Death benefit provisions of our compensation act come into being by constitutional amendment (Art. XXIII, Sec. 7) adopted by the electorate in 1950. This amendment was vitalized by enactment of H.B. 312, S. L.1951, c. 2, p. 267, expressing amendatory changes to bring settlement of death benefits provisions within purview of Workmen’s Compensation Act. Constitutionality of the act was upheld in Capitol Steel and Iron Co. v. Fuller, 206 Okl. 638, 245 P.2d 1134.

In Fuller this court construed and applied the amendment, as related to distribution of death benefits, holding: (1) for death occurring subsequent to enactment, recovery of benefits was by award under Workmen’s Compensation Act; (2) those entitled to distribution of death benefits were required to be heirs at law and dependents of deceased; (3) distribution of death benefits was conditioned upon dependency and pecuniary loss suffered by the survivors. Extent of loss must be determined by State Industrial Court, which occupies the same position as a jury in wrongful death actions. The court must apportion an award to those beneficially entitled thereto, but the only criterion for apportionment is consideration of loss shown to have been suffered by each. Thus, in Fuller, entire amount of the award was payable to the surviving spouse, since only she sustained pecuniary loss. Undoubtedly the State Industrial Court followed reasoning expressed in Fuller, supra, when determining the question of pecuniary loss sustained by each dependent heir of deceased.

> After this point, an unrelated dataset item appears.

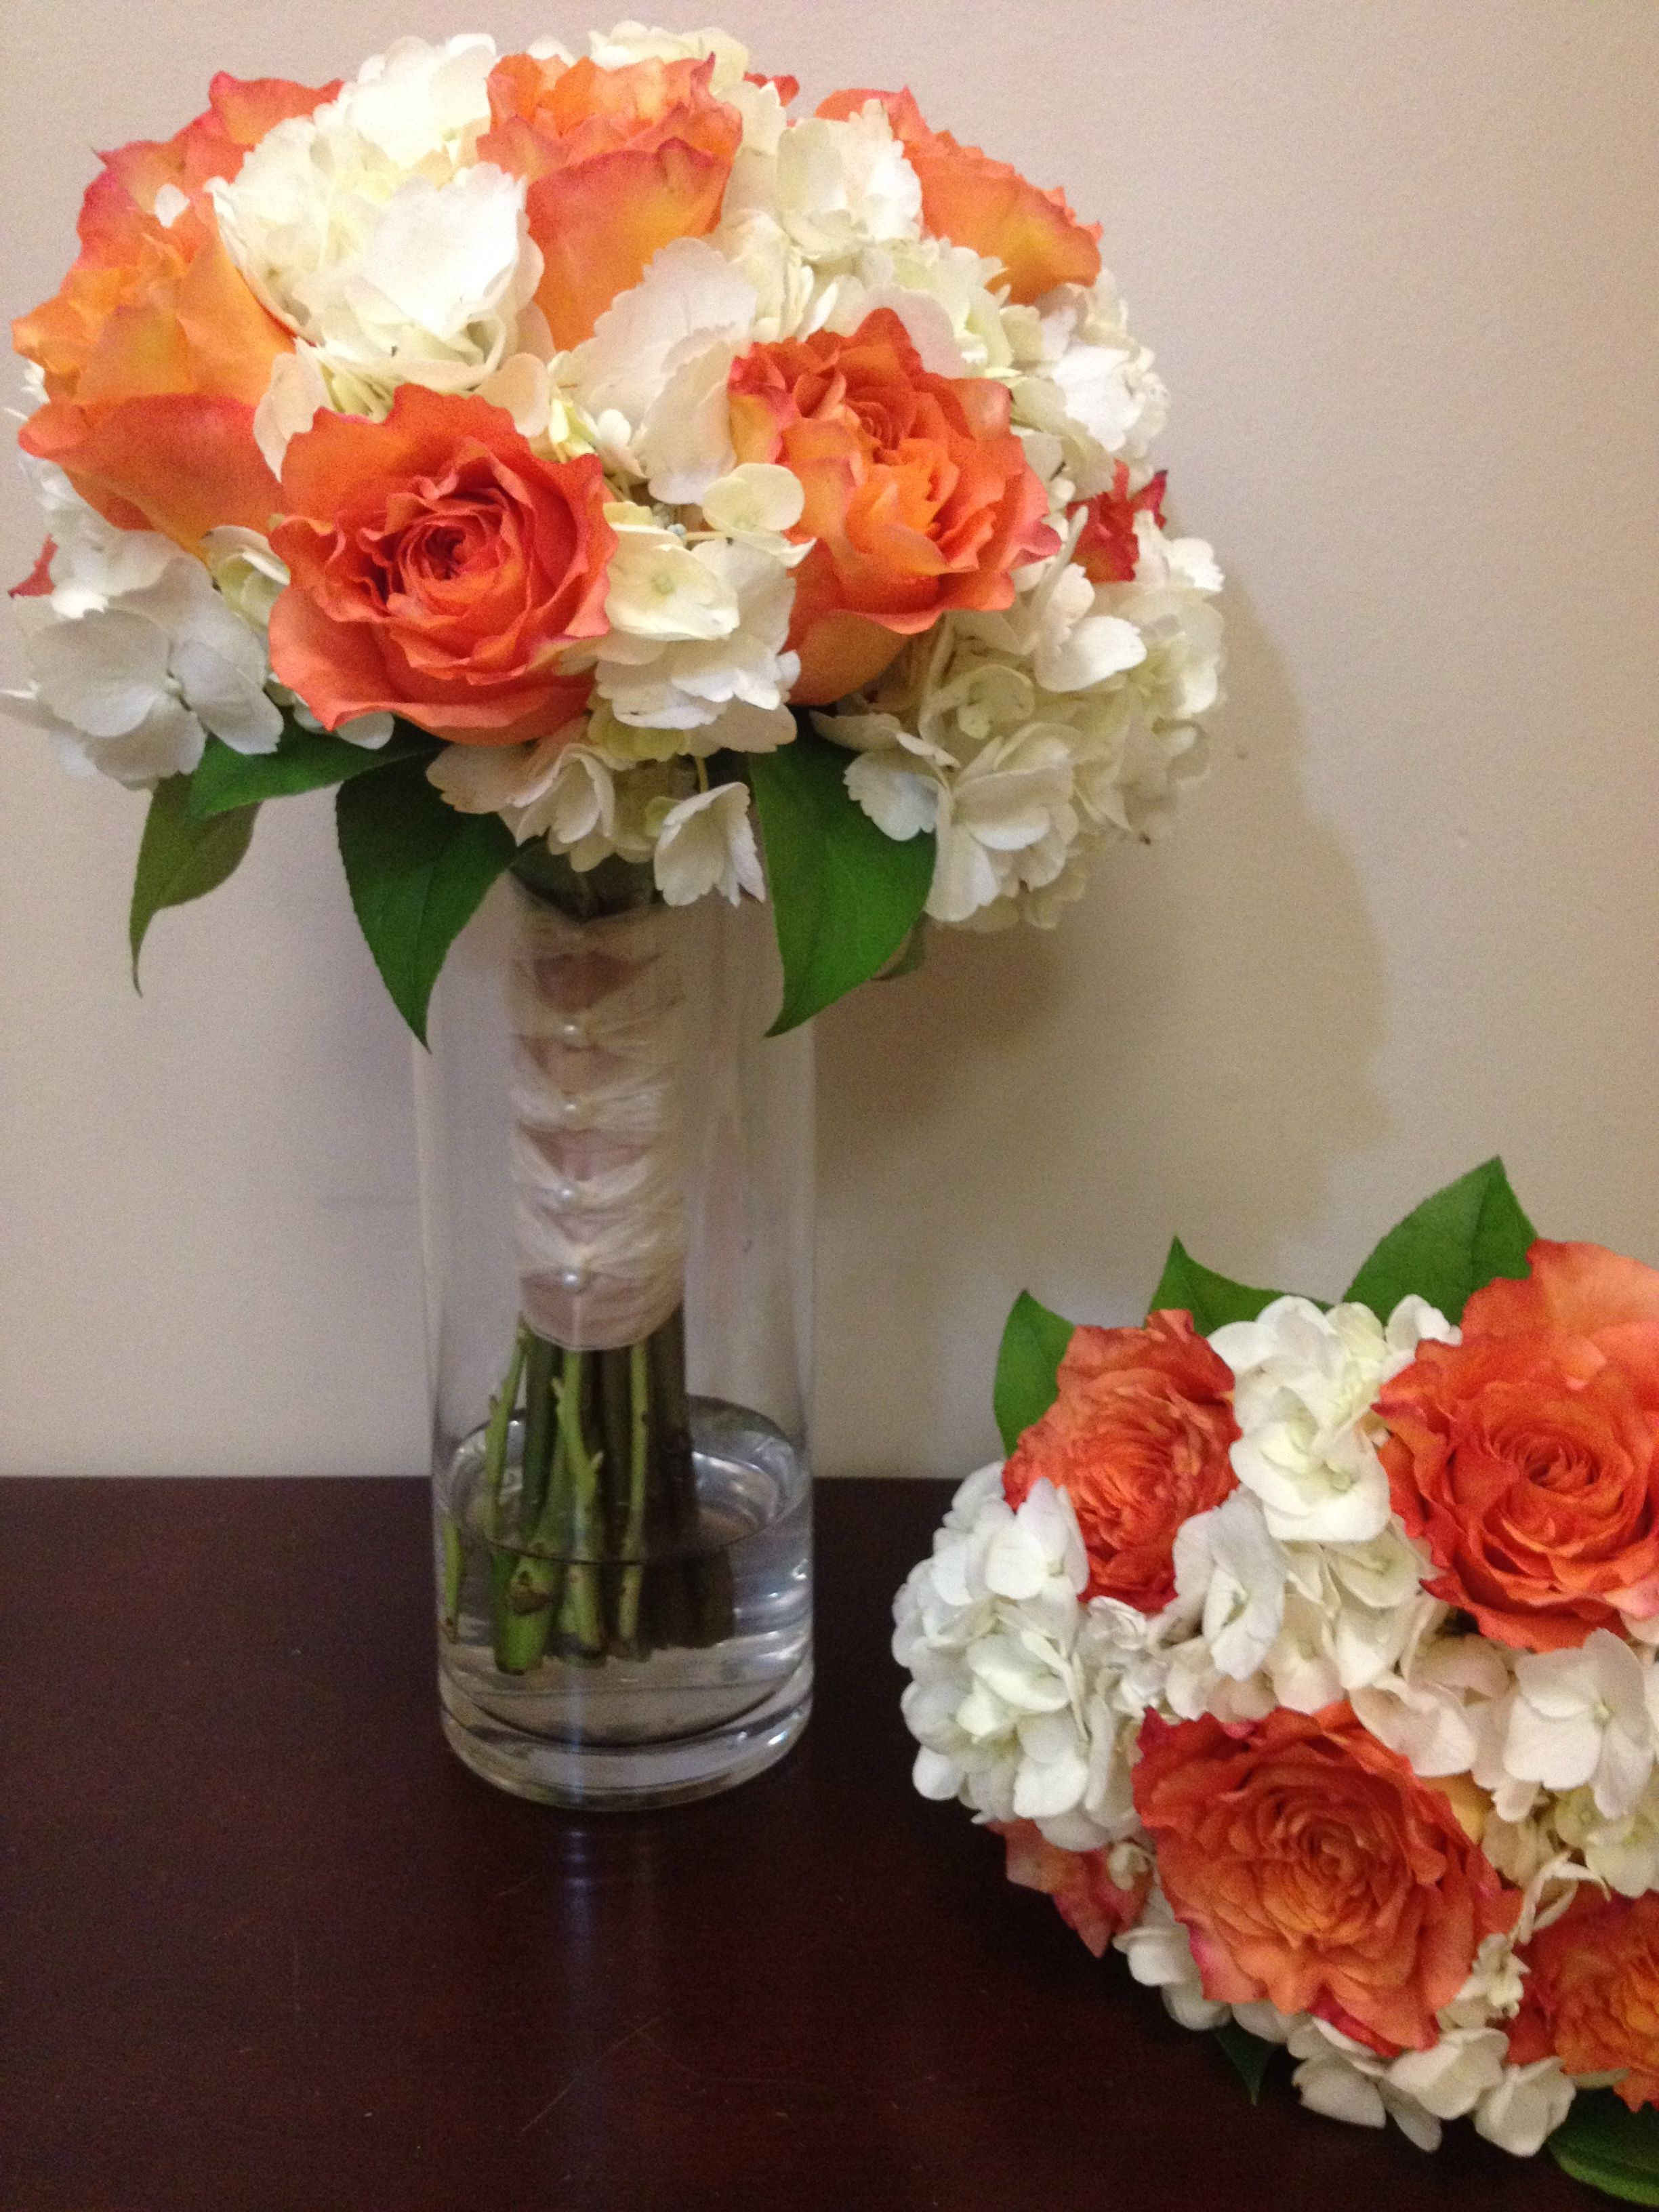 Hydrangea Free Spirit Rose Bridal Tossing Bouquets. www

The statute remained the same as to force, effect and benefits payable ($13,500.00) until amendment in 1965 (S.L.1965, c. 131 § 1). Section 22 then was amended to provide payment of $700.00 to a deceased’s estate where there was no surviving dependent entitled to benefits. The Act continued in this form until 1970, when § 22 was amended (so far as pertinent here) by increasing death benefits payable to a surviving spouse to $14,000.00. (S.L.1970, c. 318, p. 587)

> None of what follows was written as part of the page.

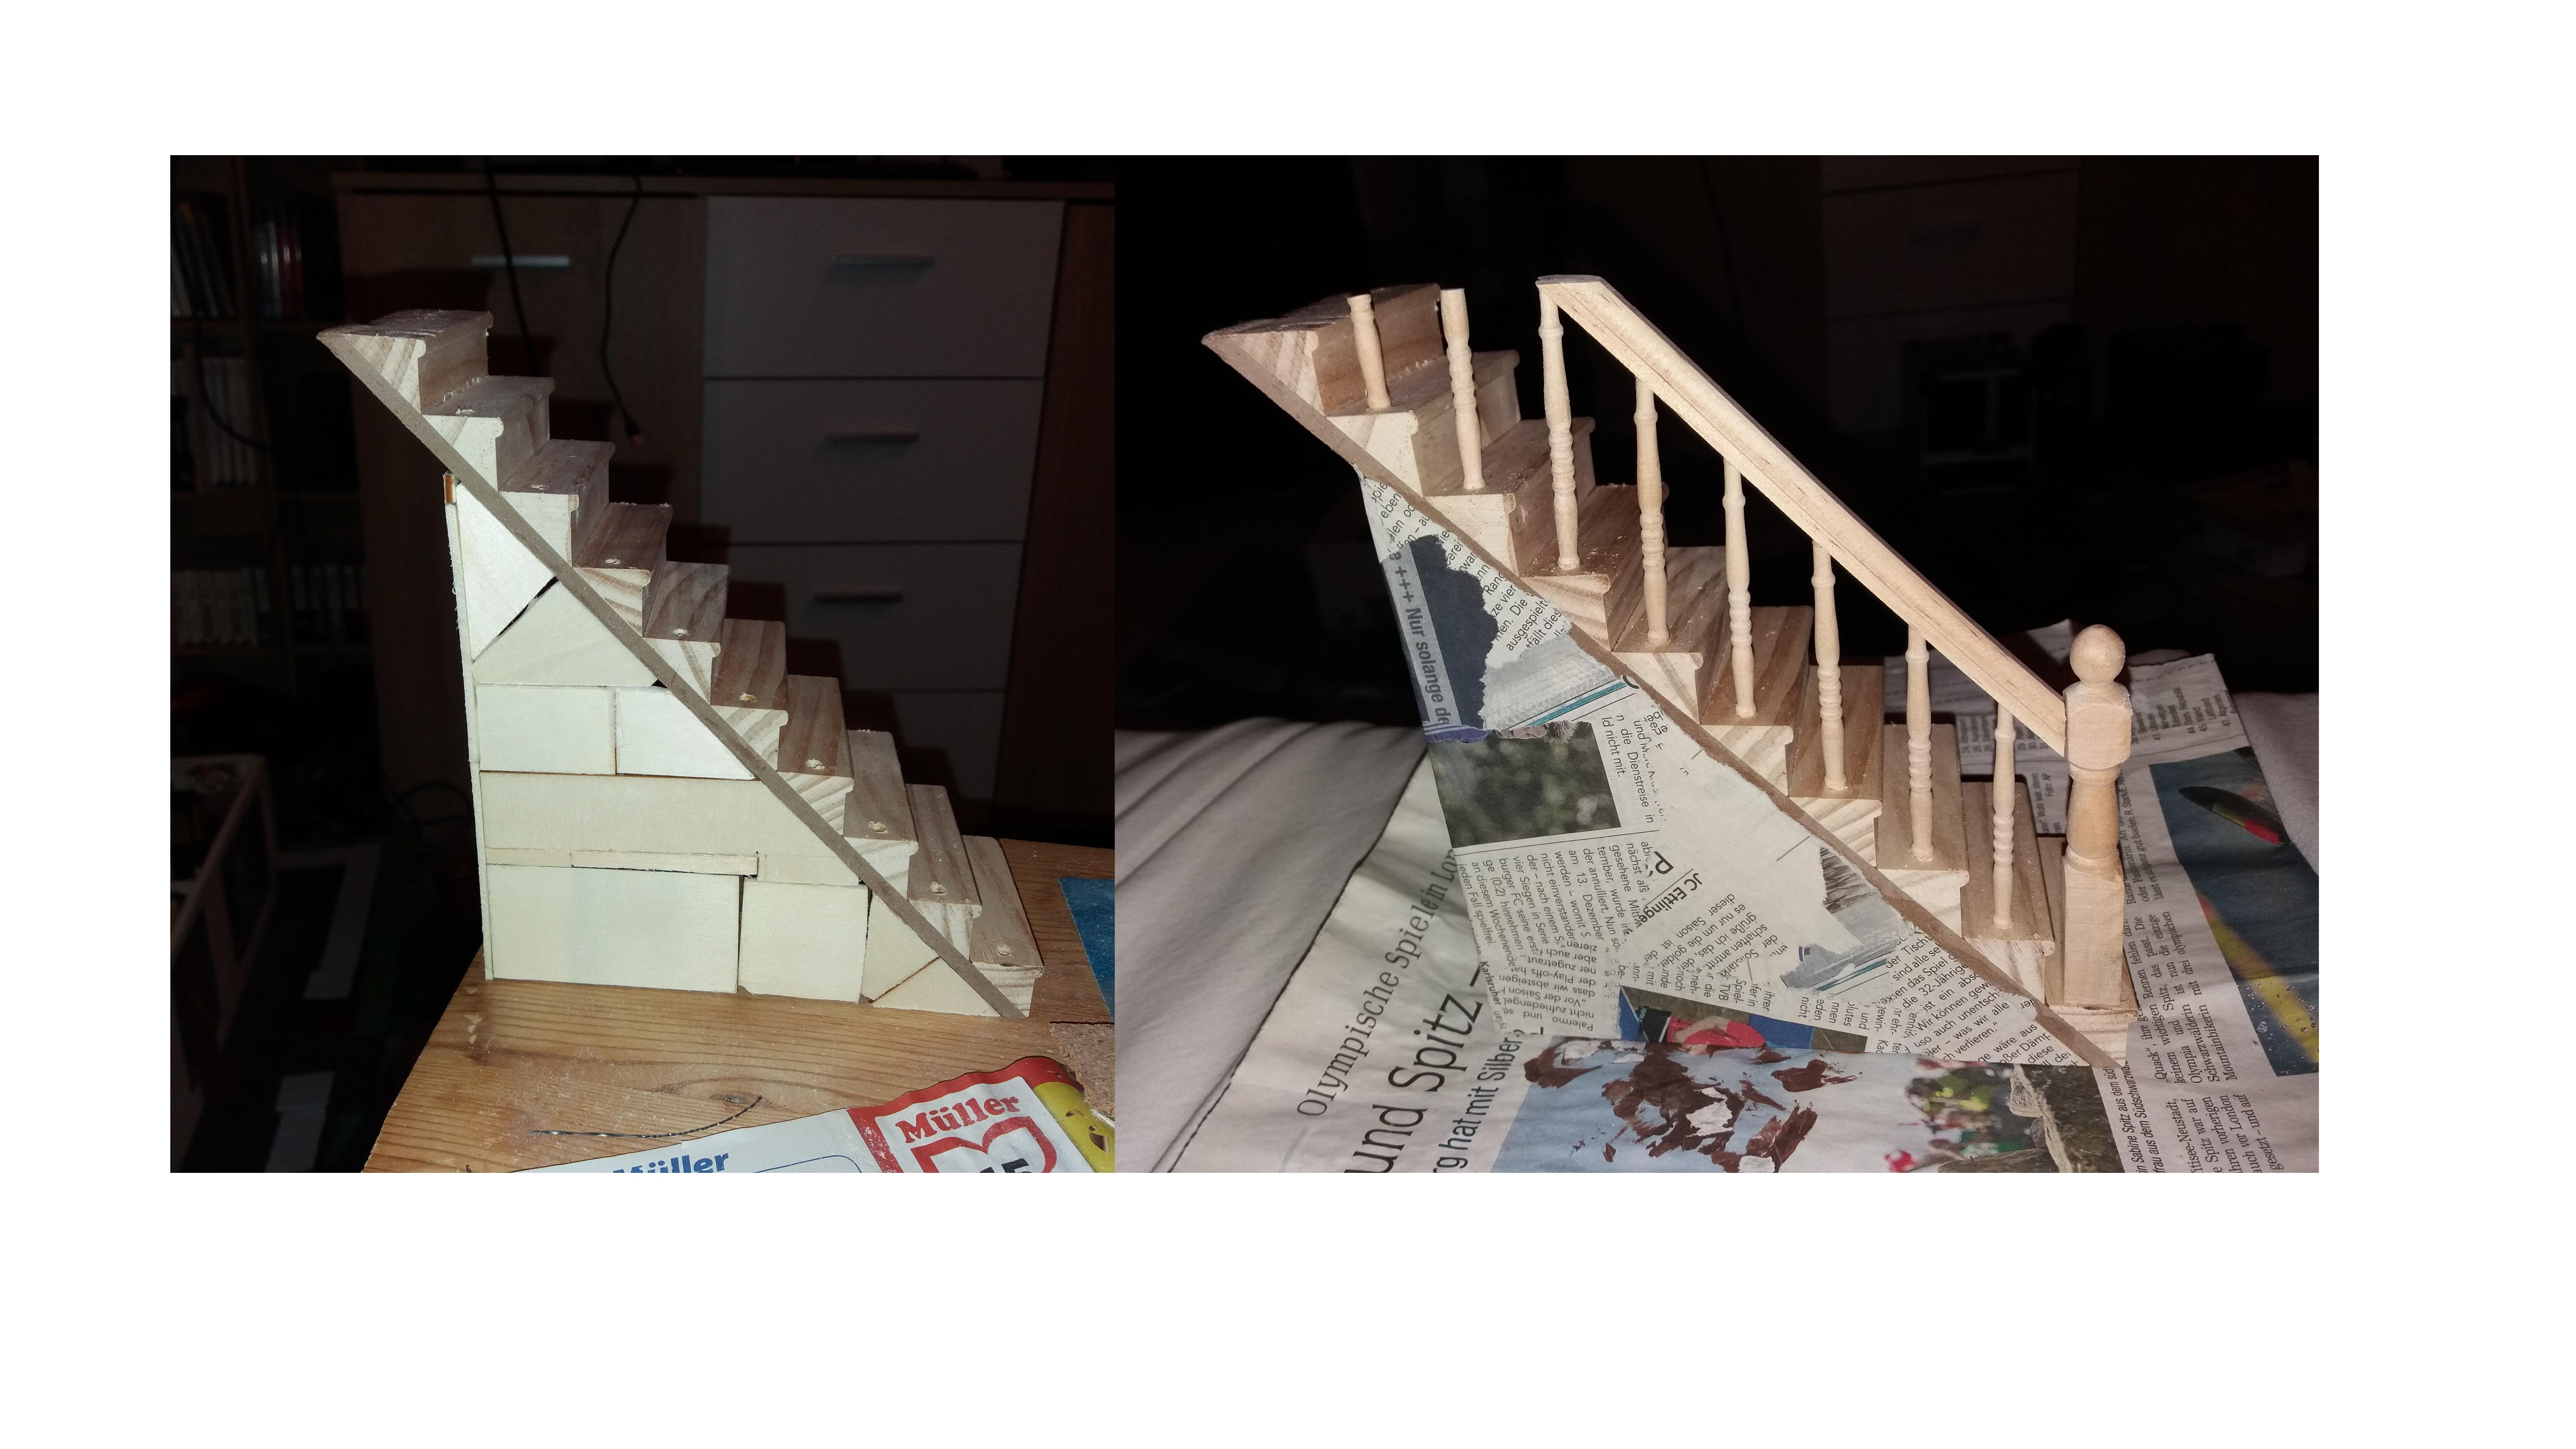 Puppenhaustreppe selber bauen - kombinieren Sie verschiedene Materialien.

In 1971 S.B. 174 was introduced, proposing to amend § 22, particularly in respect *1183 to death benefits. This bill proposed payment of $14,000.00 benefit to any surviving spouse. Increments of $4,000.00 were added for each surviving child to $25,000.00 maximum. The base award ($14,000.00) was reserved to a surviving spouse in all cases, and where more than one child survived the excess above this base was apportioned equally among minor dependents. Plain provisions of this proposed amendment unquestionably intended a surviving spouse should be awarded the base amount in every case.